- _WORK ORDER_
Repeat the listing below line by line, exactly, leaving its pictures behind.

- _DATASET EXTRACT_
▼

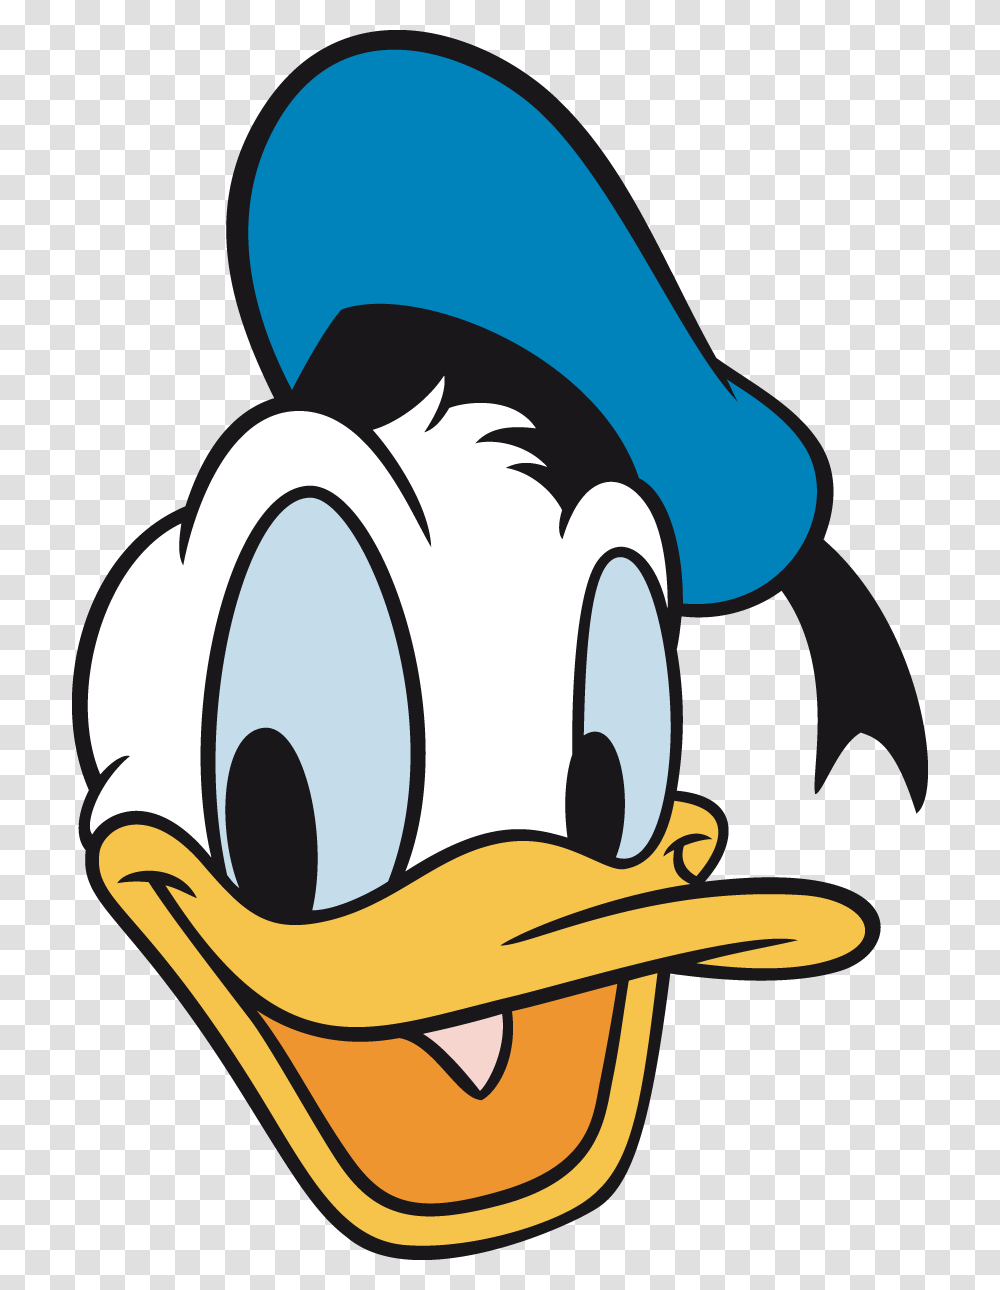 Donald Duck Smiling Image Face Of Donald Duck, Goggles, Building, Pillow, Cushion Transparent Png
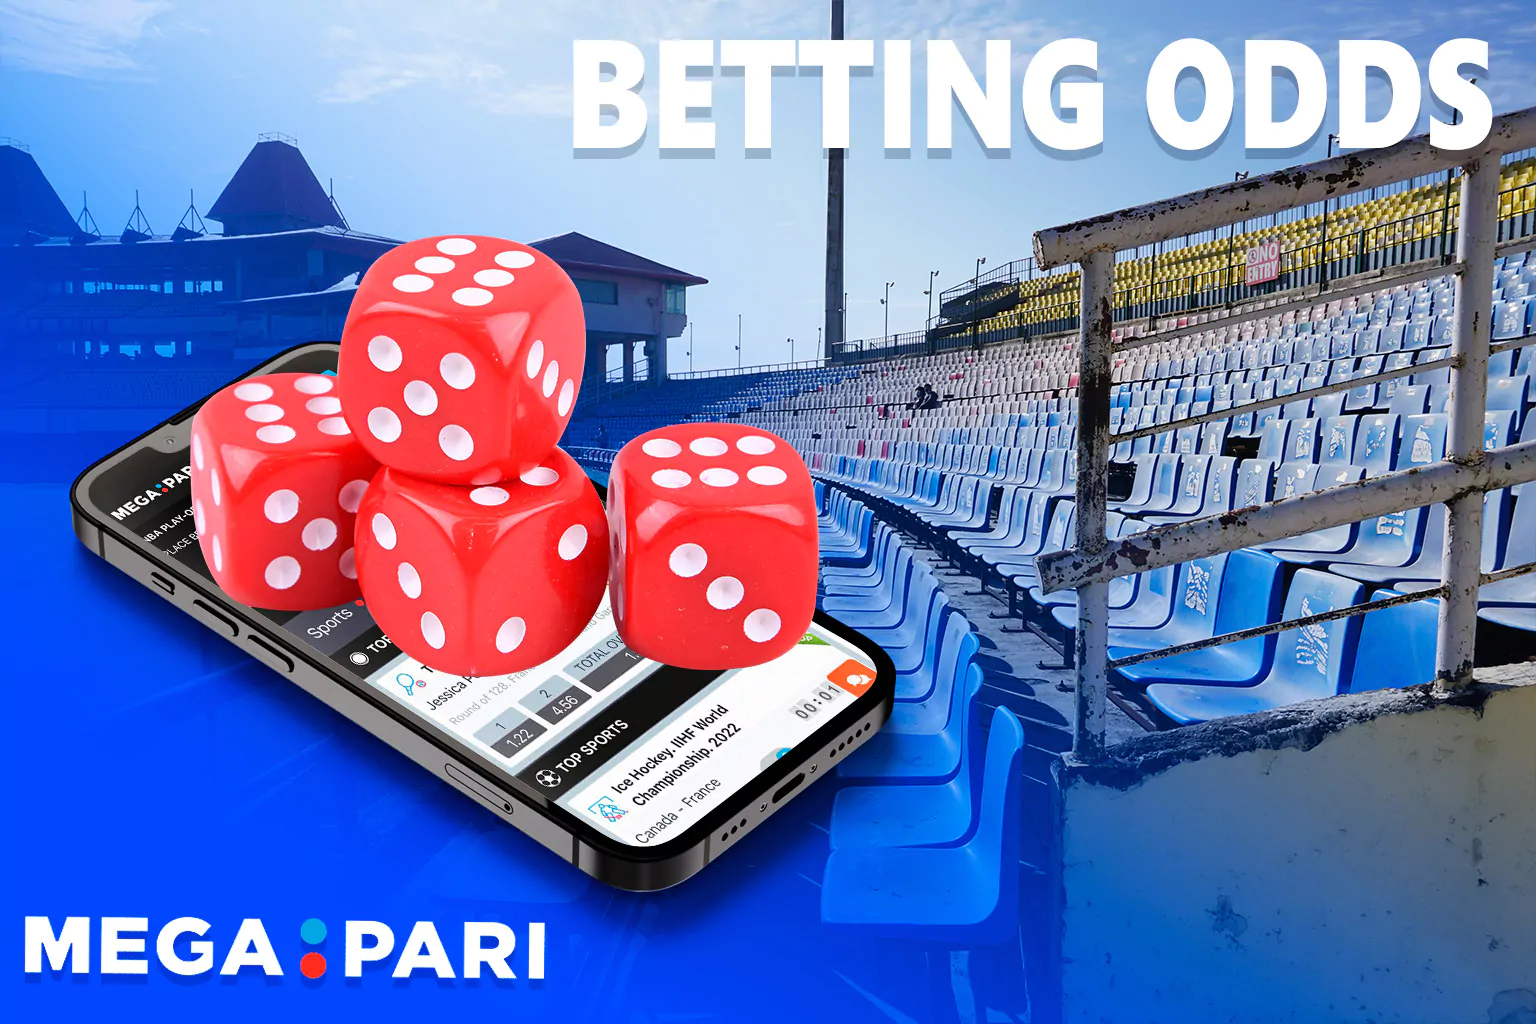 In Megapari, you can calculate the potential profit from a bet using the odds offered by the bookmaker.
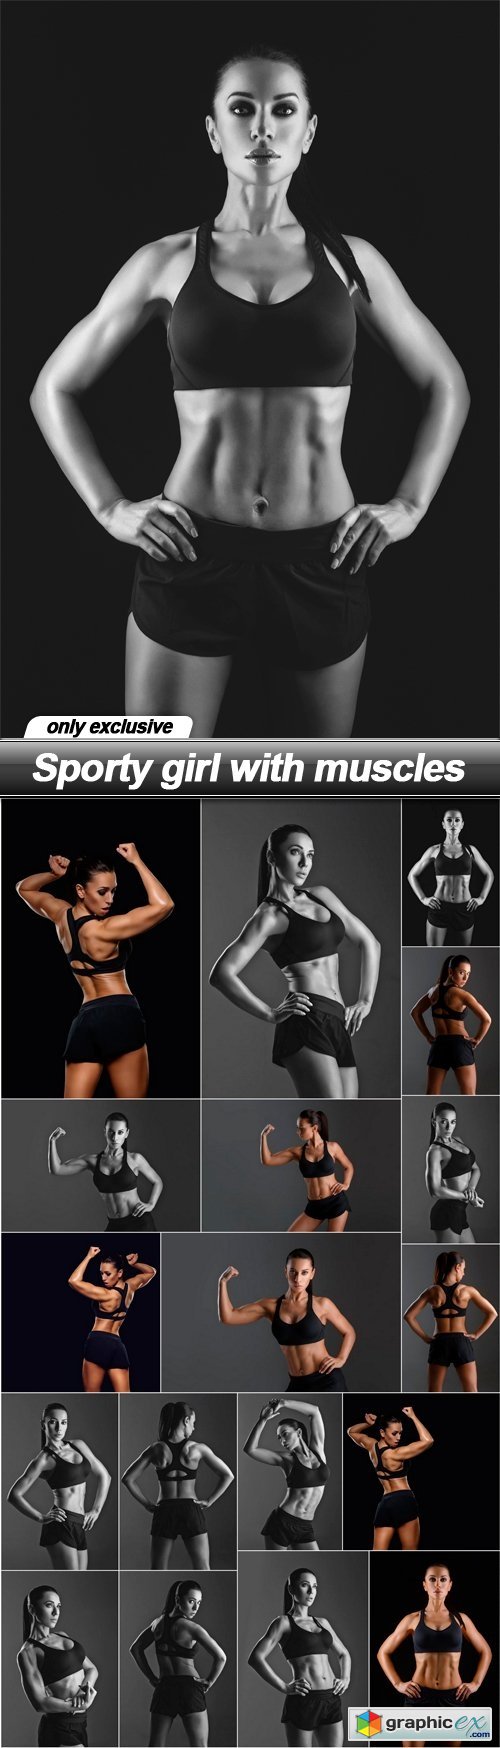 Sporty girl with muscles - 18 UHQ JPEG

▲

- _TASK RESULT_
 Donald Duck Smiling Image Face Of Donald Duck, Goggles, Building, Pillow, Cushion Transparent Png
 In Megapari, you can calculate the potential profit from a bet using the odds offered by the bookmaker.
 Sporty girl with muscles - 18 UHQ JPEG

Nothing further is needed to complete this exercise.